One small thought: The 'wave layer concept' has allowed me to isolate the singularity in the N-S eqns & to understand the physical phenomenon it represents. (I hope to publish some of this in the not-too-distant future). The results may be enlightening to some, but utterly frustrating to others. It also explains why our solvers often misbehave, especially for incompressible, viscous flows. As I said earlier, it is a deep world at 'wave level'...

diaw...

I have changed the underrelaxation factor (from 0.001 up to 0.7) but nothing changes actually.I also added some artificial viscosity,but the main characteristics of the results remain the same. Nevermind,thank you once again and when I have something new,I will let you know.
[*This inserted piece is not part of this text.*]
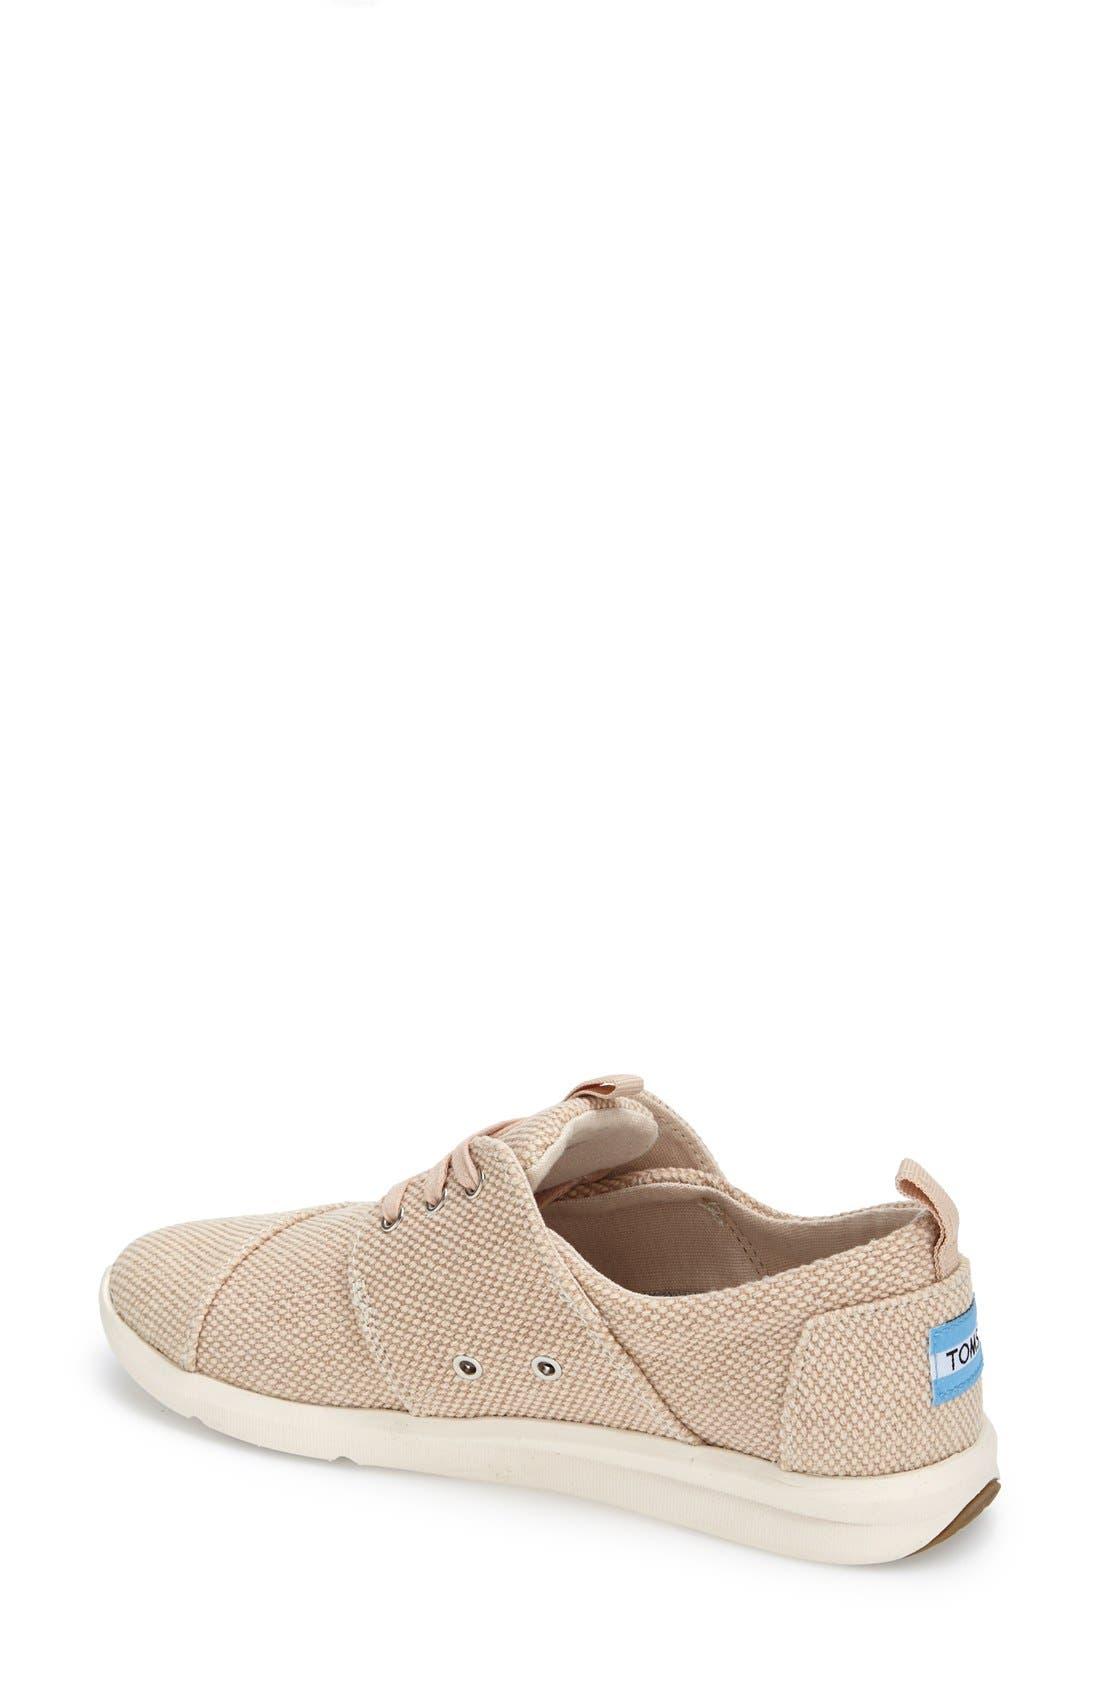 Alternate Image 2  - TOMS 'Del Rey' Sneaker (Women)

George, under-relaxation does sometimes have 'golden numbers', especially when waves seem to be involved. Try a small range around 0.495-0.55 I have found that this sometimes does the trick where abolutely no other value will work.

diaw...

What I have figured is that when the wall temperature is higher than the temperature of the air in the duct, then there is some air movement away from the walls , and when the wall temperature is lower than thos of the air, then the opposite happens. But this movement is much more intensive than that of the air coming into the domain.I checked the boundary conditions of the temperature equation and they are OK,but something must not be going right,because when for example the temperature of the air at t=0 sec is 300K and the air coming inside has the same T and the walls have Tw=400K,in most of the cells the temperature is about 295K....The time step is very small (dt=0.0002 sec), but this is not normal.